Decisions of the EAT and Court of Session
The employers’ appeal was allowed by the EAT. It concluded that the time available to the claimants during field breaks was not working time or compensatory rest for the purpose of the Regulations; and did constitute annual leave.
The claimants’ appeal to the Court of Session was rejected ( IRLR 24). The Court noted the health and safety objective of the European legislation, which sought to impose minimum standards of rest (daily, weekly and annually) in each member state. The Court observed that the WTD involves cycles of working time. Article 7, which deals with annual leave, is concerned with the yearly cycle of work and seeks to cap or limit the number of working weeks in any 12 month period. In the claimants’ case, their time was entirely their own for 26 weeks per year, which plainly satisfied the requirements of the European legislation.
Furthermore, the Court rejected the submission that annual leave must necessarily encompass a subjective feeling of getting time off from the usual routine. Recital 5 of the WTD provides that rest must be expressed in units of time; and the Court’s approach promotes an objective standard when assessing whether a worker’s entitlement to annual leave has been breached.
Lord Eassie went on to state at para. 48 of the Court’s judgment:
“. . . we for our part do not see any reason why in ordinary, contemporary English usage ‘leave’ in this context should not simply connote a period in which the employee is free from work commitment. It is the existence of such freedom which counts, from the point of view of the provision of rest. ‘Field break’ may thus just as easily be a setting for leave as a week in which an employee would otherwise be at work . . .”

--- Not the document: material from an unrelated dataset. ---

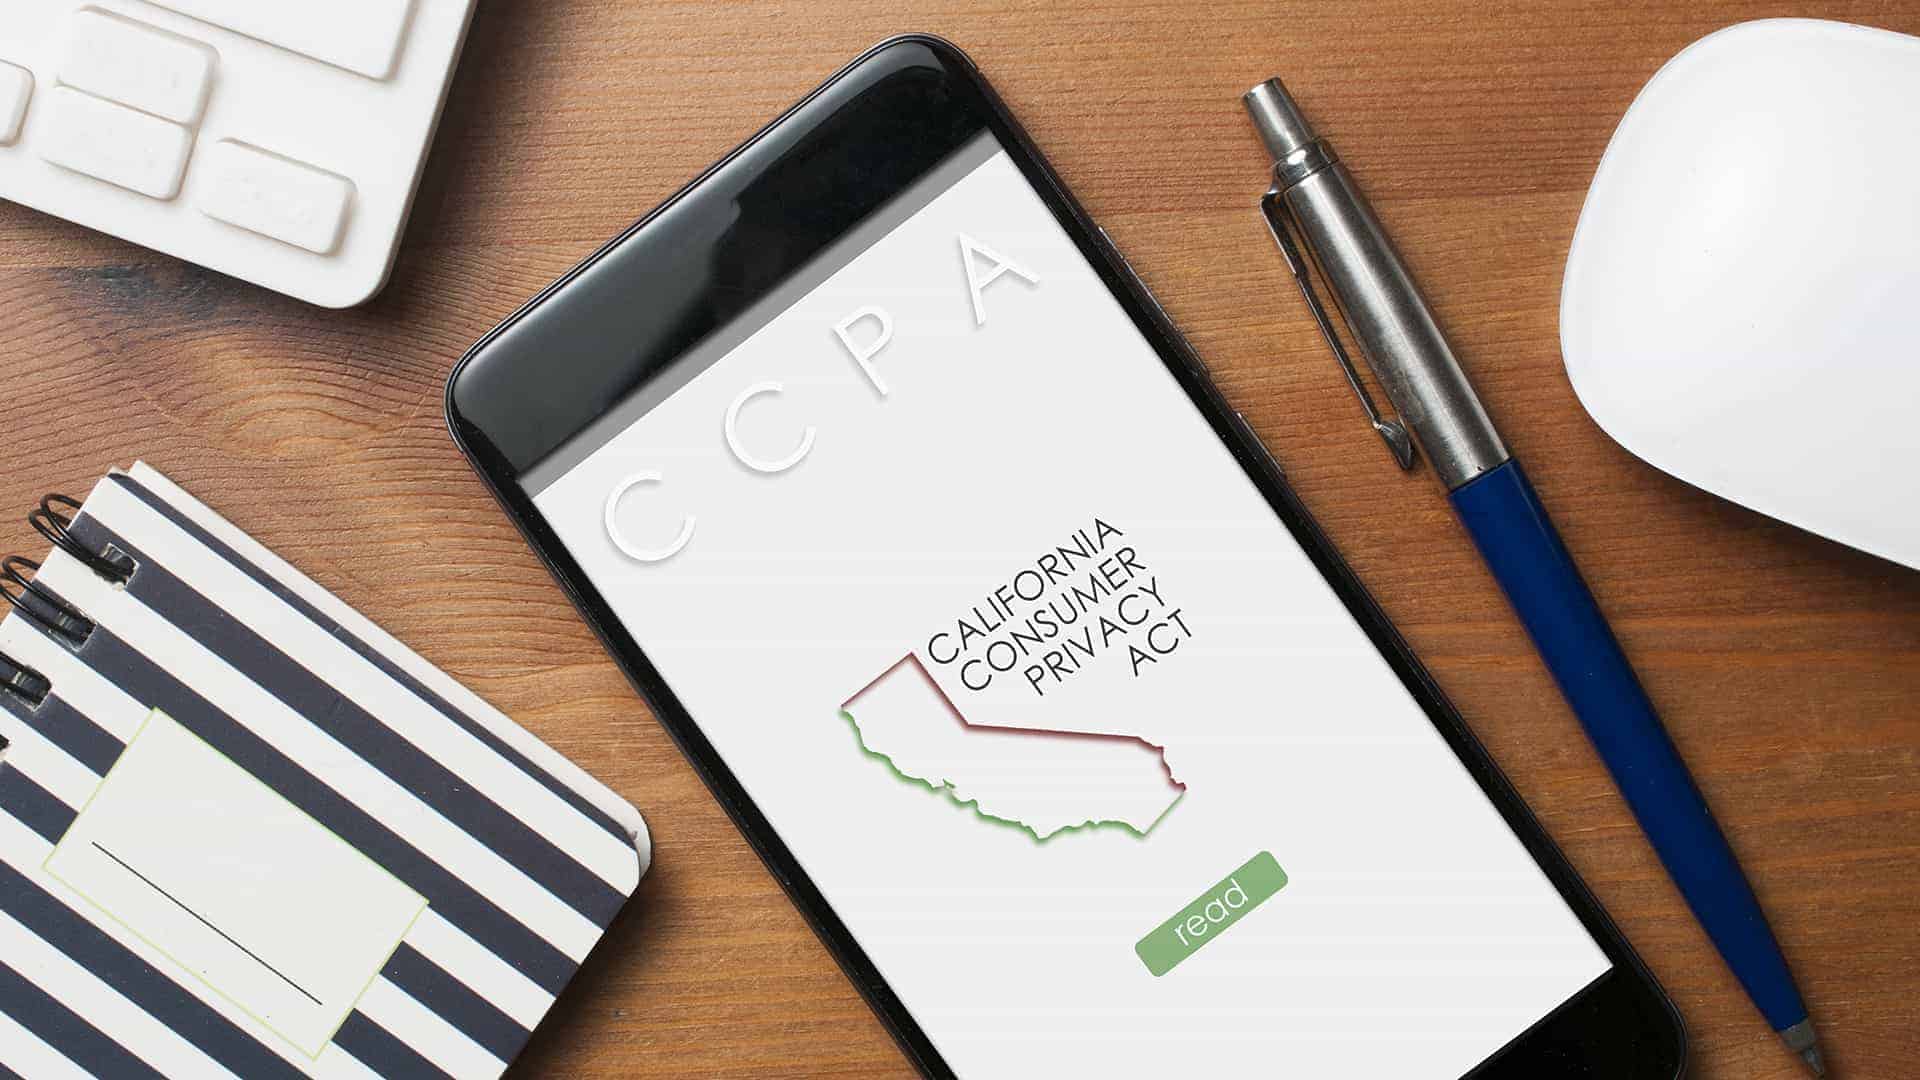 image of CCPA on smartphone

The Court then considered whether the domestic Regulations departed in any material way from the WTR and led to a different conclusion. It was submitted on behalf of the employees that the definition of “rest period” in reg 2 (1) of the WTR includes field breaks, and as a consequence they could not be designated as annual leave. The Court of Session held that there was no conflict between the WTR and the WTD. Whilst daily and weekly rest periods within a working week in which the employee actually works do not count towards his or her entitlement to annual leave, the Court concluded that there is nothing in the WTR which stipulates that a week in which a worker does not work and is not required to work be treated as a rest period. Accordingly, it did not follow that the claimants’ field breaks constituted rest periods, and as a result there was nothing to prevent those periods of time from constituting periods of annual leave.

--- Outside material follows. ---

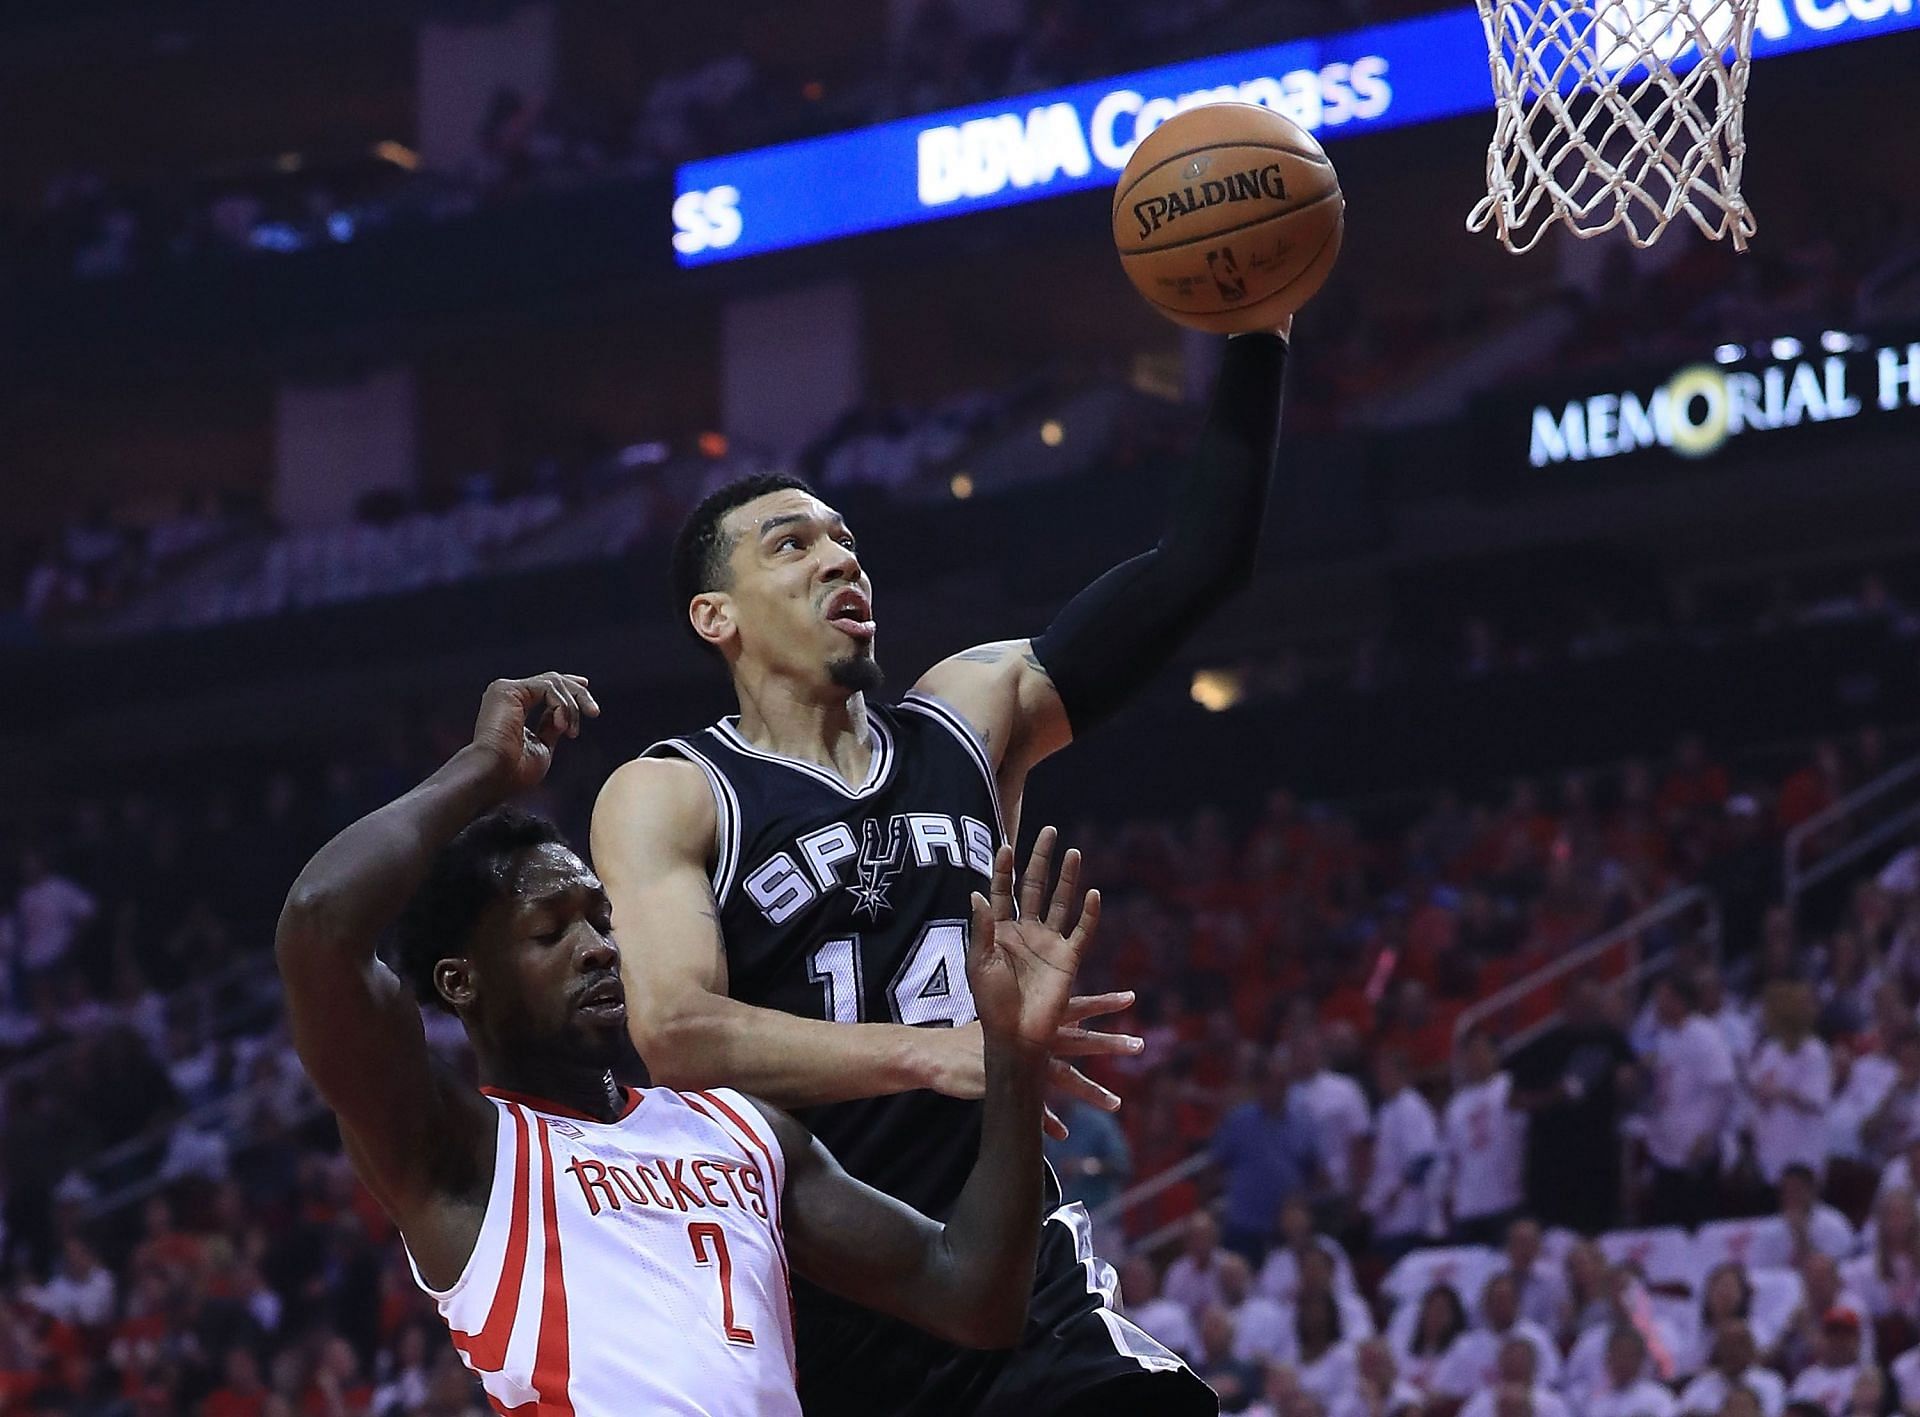 Danny Green of the San Antonio Spurs dunks against Patrick Beverley of the Houston Rockets.

Whilst the particular working pattern of the claimants in this case is relatively unusual, the ramifications of a successful appeal to the Supreme Court would potentially extend to other, more familiar, working patterns. For example, teachers could argue that school holidays amount to a comparable “field break” (i.e. a period of time when they are not required to work by their employer), and therefore cannot count towards the statutory entitlement to annual leave. The Court of Session held that its construction of the relevant provisions avoids the “absurd results inherent in the [Claimants’] argument . . . in the case of teachers and annual shut down trades”.
The Court of Session specifically considered the possibility to making a request to the CJEU for a preliminary ruling on the interpretation of the WTD, but concluded that this was not necessary. Doubtless this potential course of action will re-appear for consideration by the Supreme Court in the course of this week’s hearing.